The
new findings from two academic institutions in Hamburg and Heidelberg, Germany, published in May 2009 in the “Proceedings of the National Academy of Science USA” - that green tea extracts can inhibit the human immunodeficiency virus (HIV) - may come as a surprise to many people, but not to us.
The researchers from these institutions published scientific proof that EGCG (Epigallocatechin Gallate) – a natural component of green tea – can be used as an effective antiretroviral agent to reduce sexual transmission of HIV. The study has shown that EGCG can neutralize a small protein (peptide) present in human semen that promotes HIV infection. This peptide can boost infectivity of HIV by forming a network of fibrils that can trap the virus and attach it to the surface of target cells, thereby promoting viral infection of these cells.
The researchers found that in the presence of EGCG such a fibril network cannot be formed, thus suppressing the ability of the virus to infect the cells. The scientists suggest that EGCG can be administered as a component of anti-microbial agents, e.g., in vaginal creams. Since EGCG is very stable in an acidic milieu, such as the vaginal environment, it can be used to abolish the pro-HIV infectivity properties of semen and prevent the spread of HIV.
However, the effectiveness of EGCG against HIV reported in this work is, of course, not new. It was obvious from many earlier scientific publications. The German scientists merely provided more information about the possible mechanisms by which EGCG can prevent HIV infection.
Our own recent studies with chronically HIV infected cells have shown that green tea extract also has another effect: it suppresses the production of the virus inside the cells. This suppression can be further enhanced by combining green tea extract with ascorbic acid and other nutrients such as lysine. Moreover, our scientific approach has expanded beyond individual nutrient effects, such as the one presented in the German study.
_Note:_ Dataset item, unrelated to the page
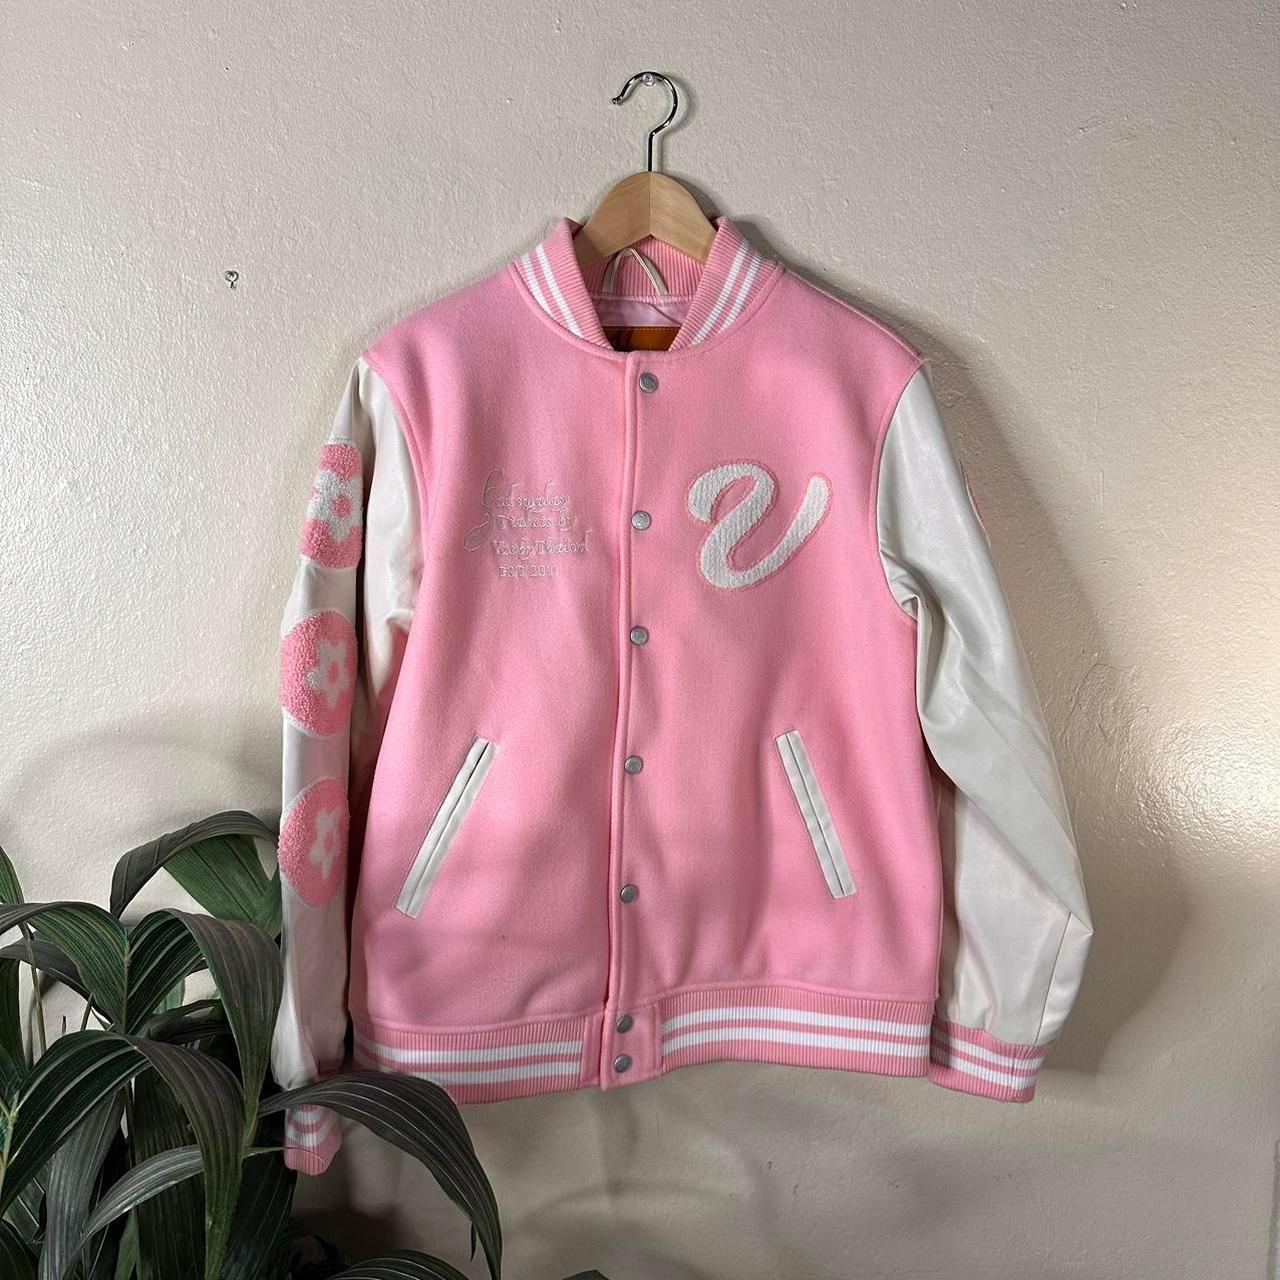 vandy the pink jacket

We have introduced the principle of biological
synergy, which enables the achieving of better physiological effects with lower nutrient doses and the preserving of metabolic balance - the basis of all healthy cellular functions.
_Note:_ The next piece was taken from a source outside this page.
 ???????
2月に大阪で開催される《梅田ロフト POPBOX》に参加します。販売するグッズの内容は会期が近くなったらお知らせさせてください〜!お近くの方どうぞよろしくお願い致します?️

Also, EGCG is not the only effective nutrient in the fight against HIV. Various
studies conducted as long as two decades ago have documented that vitamin C and N-acetylcysteine can inhibit many metabolic stages related to HIV infectivity and its replication in the cells. The work substantiating the anti-HIV effectiveness of vitamin C was conducted in 1990 by Dr. Raxit Jariwalla and his research team and endorsed by the Nobel Laureate Dr. Linus Pauling. The studies documenting the anti-HIV potential of N-acetylcysteine were also published in the early 1990s, at Stanford University in California.
All these and many other findings challenging pharmaceutical-based medicine and its
antiretroviral (ARV) drugs business were ignored by mainstream medicine for two decades. Moreover, the scientific pioneers of this research were vigorously fought by the pharmaceutical lobby promoting patented chemotherapy drugs to fight AIDS. As a result of this opposition, millions of AIDS patients have been dying unnecessarily and the cost of
toxic ARV drugs is strangulating the economies of many countries, especially in the developing world.